И последнее... О. Александр дружил с Солженицыным, искренне, любил его. Но как только Солженицын начал тосковать о России, писать статьи, которые уже не очень котировались на “Радио-Свободе”, то… Нет, он не бросил друга, но в “дневниках” изменилась тональность. Как так? Какая Россия? Ведь диагноз, как и православию – поставлен. Все умерло, все сгнило. Снова – раздражение.

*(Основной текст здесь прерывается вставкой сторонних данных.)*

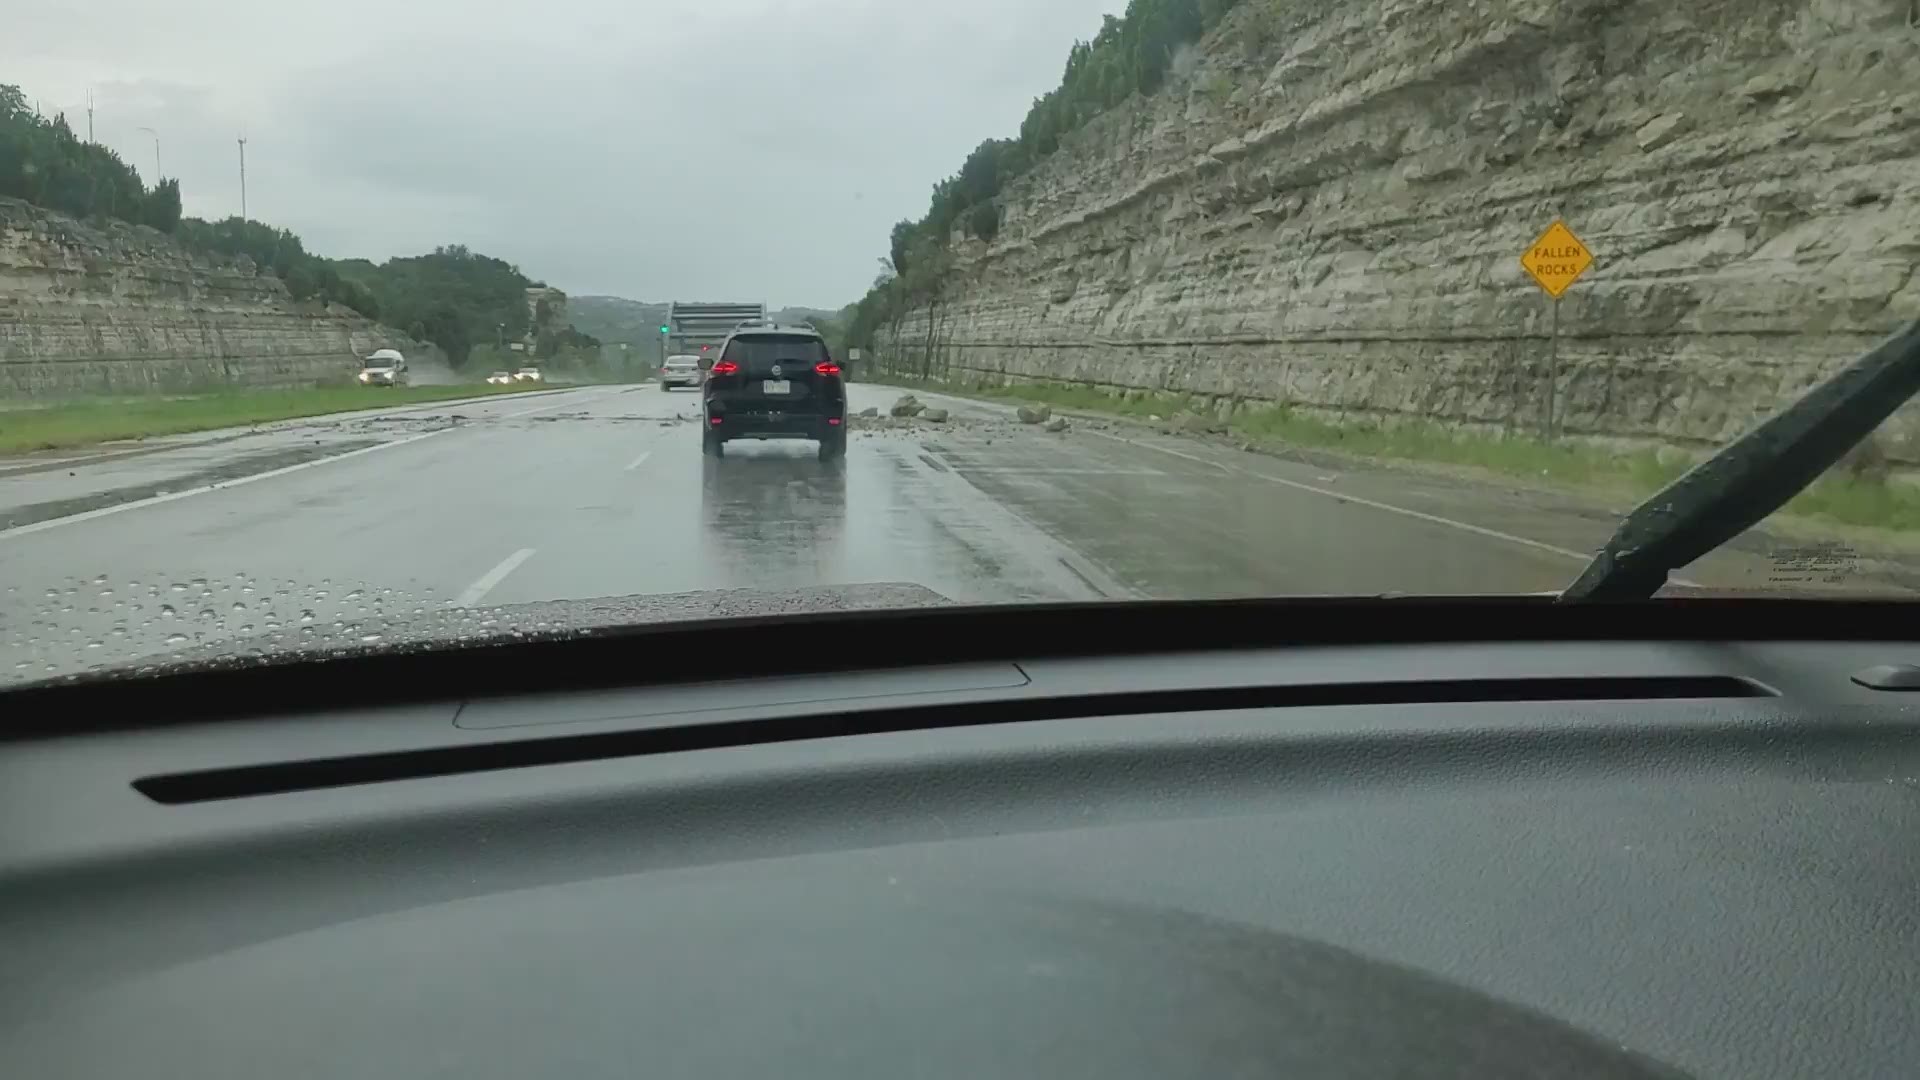 Rocks fell onto the lanes of 360 Capital of Texas Highway at Courtyard Drive southbound on Wednesday after heavy rains. Video courtesy of KVUE viewer Faith Ward.

Часто говорят – нет разницы, где жить. Нет, разница есть. Среда дает о себе знать, впитывается через поры кожи. И на Шмемане она тоже сказалась. И это – естественный процесс, то есть данность. Просто факт. Мне жаль, что он не встретился с такими людьми, каким был о. Иоанн Крестьянкин, что он не посетил Россию, её храмы. Святыни – они важны. Но они не объясняются рационально. Это просто надо почувствовать. И пока этого не произошло, слова – излишни. Да и раздражение, наверное, тоже. Но и тут есть риск. Сложно американцу было бы признать – моя миссия, то, что я считал главным для себя – оказалось неверным. Православие – живо! И может, он понял бы, почему русским людям так важно даже не говорить, а просто постоять рядом с пусть и не очень грамотным батюшкой… Просто почувствовать исходящую от него любовь, которая сама по себе – исцеляет. Любовь, а не раздражение.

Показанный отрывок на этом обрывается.